A contextualização, a problematização e a interdisciplinaridade compõem as investigações deste estudo para os conteúdos de biologia celular, no qual é analisada sua forma em que se estabelece relacionados ao cotidiano social, também identificando a existência da interdisciplinaridade e relacionando se ocorre o incentivo a resolução dos testes baseado no raciocínio de problemas ligados a fenômenos biológicos. É claro que por serem conteúdos abstratos (PALMERO, 2003) para os alunos ou egresso do ensino médio, necessitam ser ensinados de forma ativa, em que o estudante analisa e raciocinam as informações apresentadas nesse ensino (KITCHEN et al, 2007; SANTOS, 2008).

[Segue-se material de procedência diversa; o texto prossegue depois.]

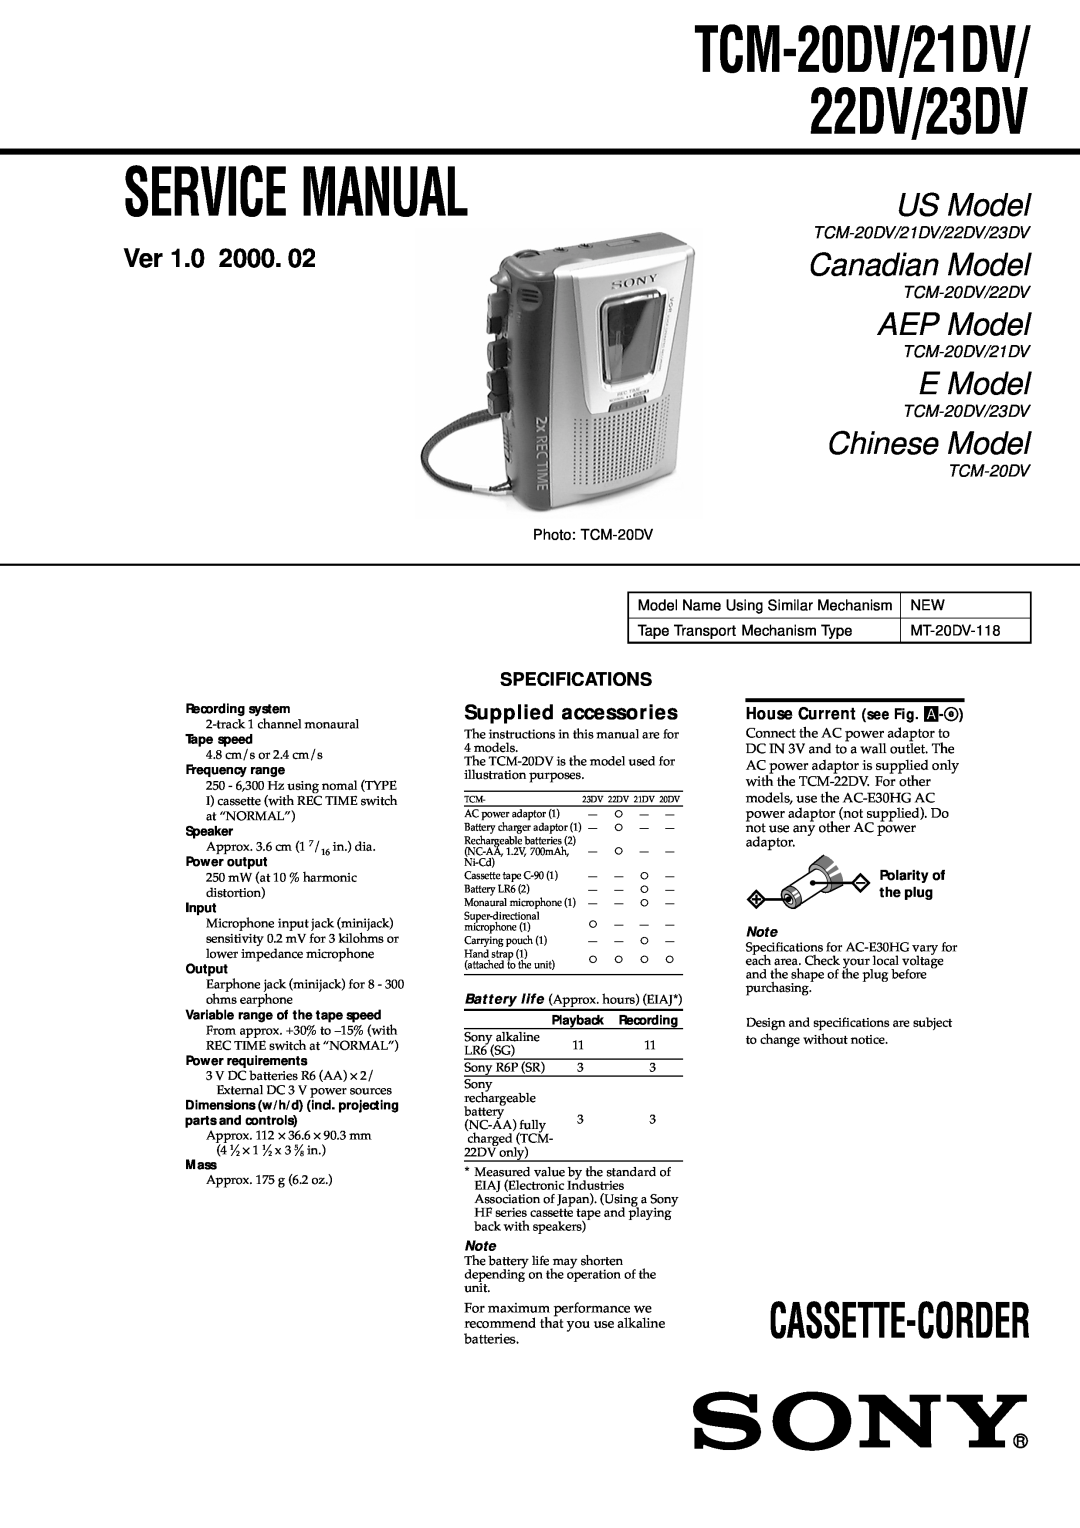 Sony service manual Supplied accessories, Service Manual, TCM-20DV/21DV/ 22DV/23DV, US Model, Canadian Model, AEP Model

A investigação deste nosso estudo é a relação das habilidades e competências aos conteúdos de biologia celular, na forma de averiguar como se dá a associação das habilidades com esse conhecimento. Também é analisado se nas perguntas desse exame enfatizam mais a reprodução de conceitos do que a resolução de problemas contextualizados e interdisciplinares.

Os conteúdos de biologia celular exigidos no ENEM, os quais são os objetos da discussão deste estudo, compreendem desde a identificação dos seres vivos, a exemplo de células, suas relações e particularidades, até conteúdos mais complexos, como a clonagem, a biotecnologia: aplicações de tecnologias relacionadas ao DNA, às investigações científicas, à determinação da paternidade, à investigação criminal e à identificação de indivíduos. Ademais, há no exame, questões que exigem reflexão sobre aspectos éticos relacionados ao desenvolvimento biotecnológico (BRASIL, 2009). E este conteúdo ganha mais importância para sua compreensão na medida em que são discutidos na mídia e investigados de forma crescente na área cientifica, como por exemplo, os temas da clonagem e as células-tronco, ambas debatidas em fóruns jornalísticos e pesquisa acadêmica, a sociedade civil como um todo, o que por sua vez contribui elaboração das questões de maneira contextualizada.

A biologia celular é relevante para entender a dinâmica da vida, no seu conceito mais simples e basal na compreensão da particularidade de cada indivíduo, ou seja, o fundamento de que todo ser vivo é formado por células assim, é um conteúdo relevante para a formação do egresso do ensino médio. Portanto o estudo ora proposto se justifica na medida em que se propõe a analisar as interfaces contidas no exame: conteúdo e questões do cotidiano, recursos cognitivos exigidos, já que o ENEM como ingresso dos estudantes no ensino superior tem se consolidado no sistema brasileiro de educação e pautando a organização dos conteúdos do ensino médio.

 

2 METODOLOGIA

Os recursos metodológicos utilizados para este estudo envolveram a análise de questões formuladas para o Exame Nacional do Ensino Médio dos anos de 1998 a 2011, os requisitos cognitivos para respondê-las e uma analise das habilidades da Matriz de Referências (BRASIL, 2009).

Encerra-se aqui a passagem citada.